Now what happens when it hits the first line of the visible area, the bitmapped area? This part is really cool. The VIC-II typically fetches 1 byte from memory per CPU clock cycle. Remember that the dot clock is exactly 8 times faster than the CPU cycle time. And that a byte contains 8 bits, which is enough information for the VIC-II to draw 8 pixels, one pixel per dot clock cycle. Recall how I said that an analog TV broadcast signal is live? Well, you can see here just how live the VIC-II's signal production is. It is an incredibly tightly timed operation. The VIC-II reads 1 byte from memory and outputs that one byte's bits immediately at 8 Mhz, just in time for the next CPU clock cycle allowing it to fetch the next byte, which it immediately draws out and so on. It does this super tight read-render-read-render-read-render in a 40-byte burst, for the 40 columns across the screen. Then it's into the right border then wraps to the left border and then starts the 40-byte tight cycle for the bitmapped segment of the next raster line.

So where does it actually get that byte from? For this we need the register labels.

The Character Data address and Character Pointer address

Above we have two of the address types that the VIC-II generates. We'll focus on the top one first. Character data address.

Note that the VIC-II only contributes 14-bits to the main memory address bus, A0 to A13. It controls the least significant 14 bits, and the most significant two bits come from CIA 2. Thus a register in CIA 2 determines which of the C64's four 16K banks the VIC-II sees. The VIC-II generates the low 14 bits according to the labels shown in the character data address above. Let's see how the bit usage breaks down.

A character set (either in ROM or in RAM) is a bitmap that's 2K big. Each character is 8x8 pixels, or 8 bytes with 8 pixels each. And 256 characters times 8 bytes per character is 2048 bytes or 2K.
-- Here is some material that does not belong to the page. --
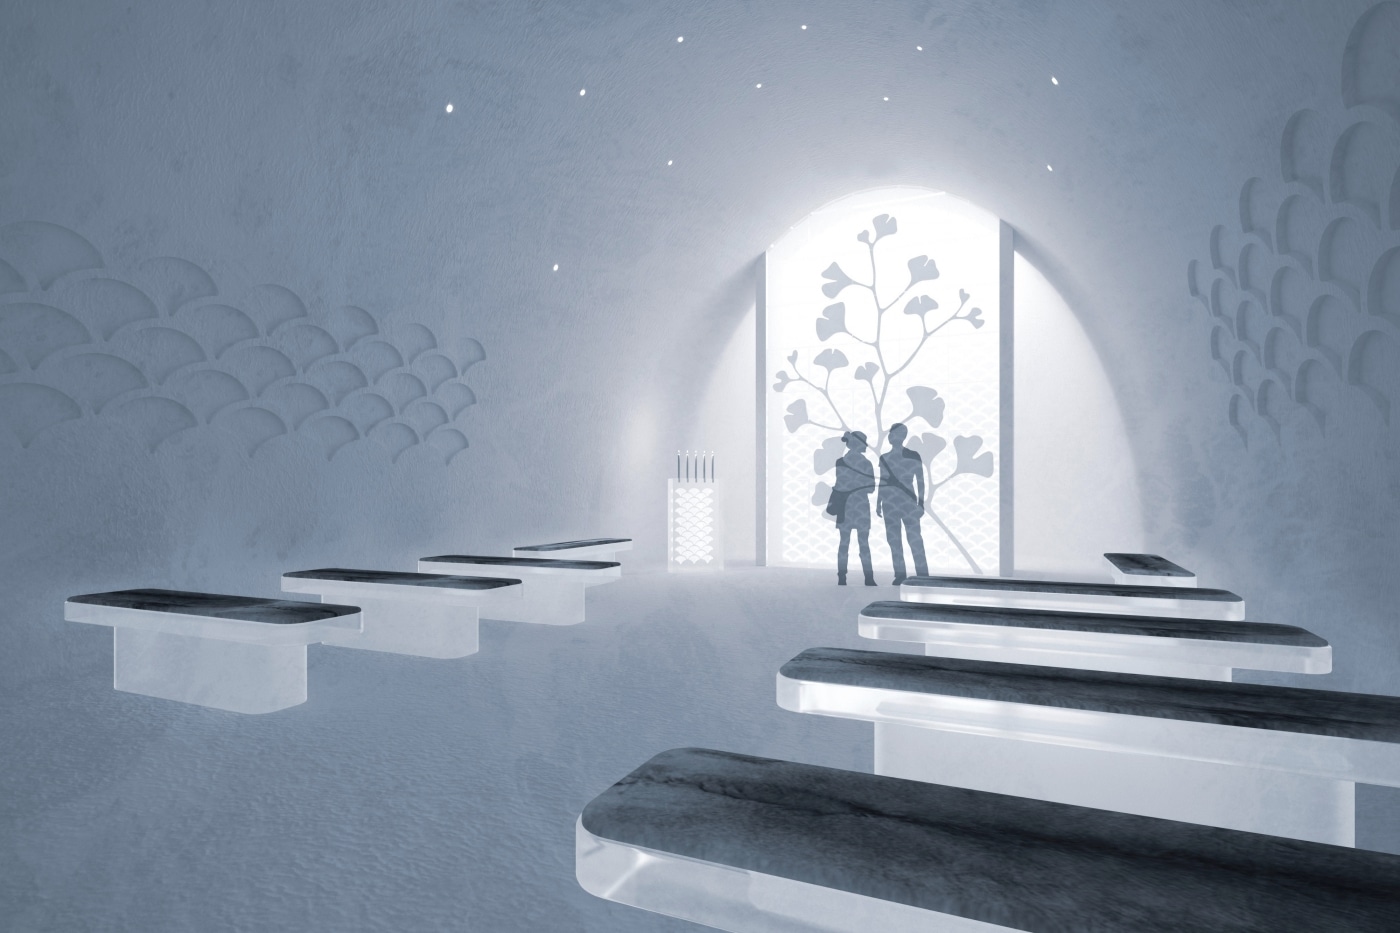 Diseño de habitaciones para hotel de hielo en Suecia

To address a full 2 kilobytes you need 11 bits. That is: 2 ^ 11 = 2048. The 2K character set can be found at any of 8 different offsets within the 16K bank, because 16 / 2 = 8. To specify 8 possible offsets you need 3 bits, 2 ^ 3 = 8. So in the the VIC-II's 14-bit address, the 3 most significant bits are called the character base, because they specify the base offset for where the character set is found. These bits are labeled CB11, CB12, and CB13, and come from the lower nybble of register 24. The remaining 11 bits then are used as the offset into the character set.
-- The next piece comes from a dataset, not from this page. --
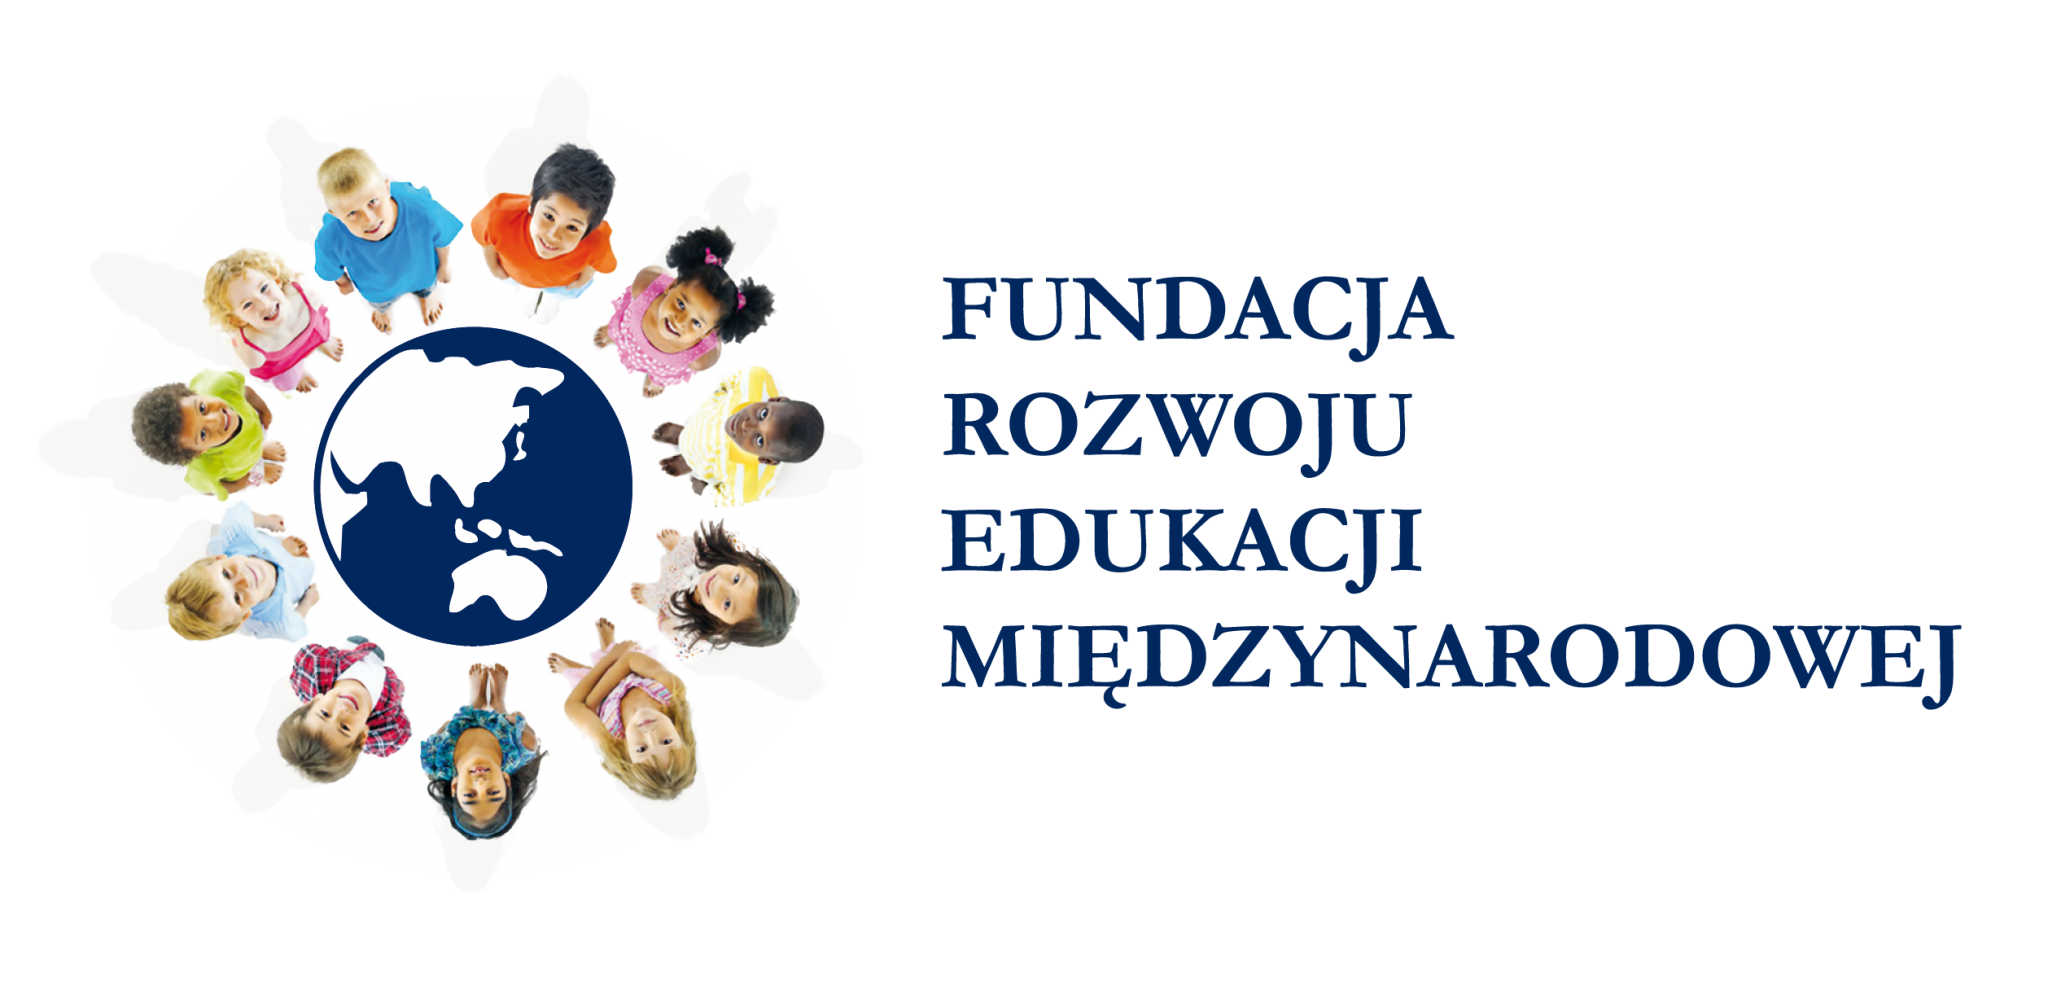 Fundacja Rozwoju Edukacji Międzynarodowej

A character set bitmap is laid out just one character wide. The first 8 bytes are the eight rows of the first character. The next 8 bytes are the eight rows of the second character and so on. Thus to find the offset into the character set we need to know which character is being rendered. Each character's bitmap starts at (CharacterBase + Screencode * 8). This is interesting. The screencode that's in screen matrix memory is used directly as an index into the character set bitmap. This feels like another example of 8-bit efficiency, there is no abstraction layer at all. Address bits 3 through 10 are the 8 bits of the character's screencode. The screencode's 8 bits are shifted left 3 times. In all place-based number systems a left shift multiplies the number by the base. In decimal, a left shift multiplies by 10. In binary, a left shift multiplies by 2. Three left shifts, therefore, is x2x2x2 or times 8.

The byte value in screen memory is used by the hardware of the video chip as an index into memory. Very cool.

The first four characters in the byte order of a character set bitmap. (See: Commodore 64 Screen Codes)

Lastly, it needs to know what raster line is currently being drawn, and uses that as a further offset into the character set bitmap, to find the specific bit row of the character glyph. So, the last 3 address bits are taken from the low 3 bits of the raster register. 2 ^ 3 = 8, for the 8 bytes of the character bitmap. This is really cool, each time the VIC-II needs to read the next byte to render, it does so by composing an address from multiple sources.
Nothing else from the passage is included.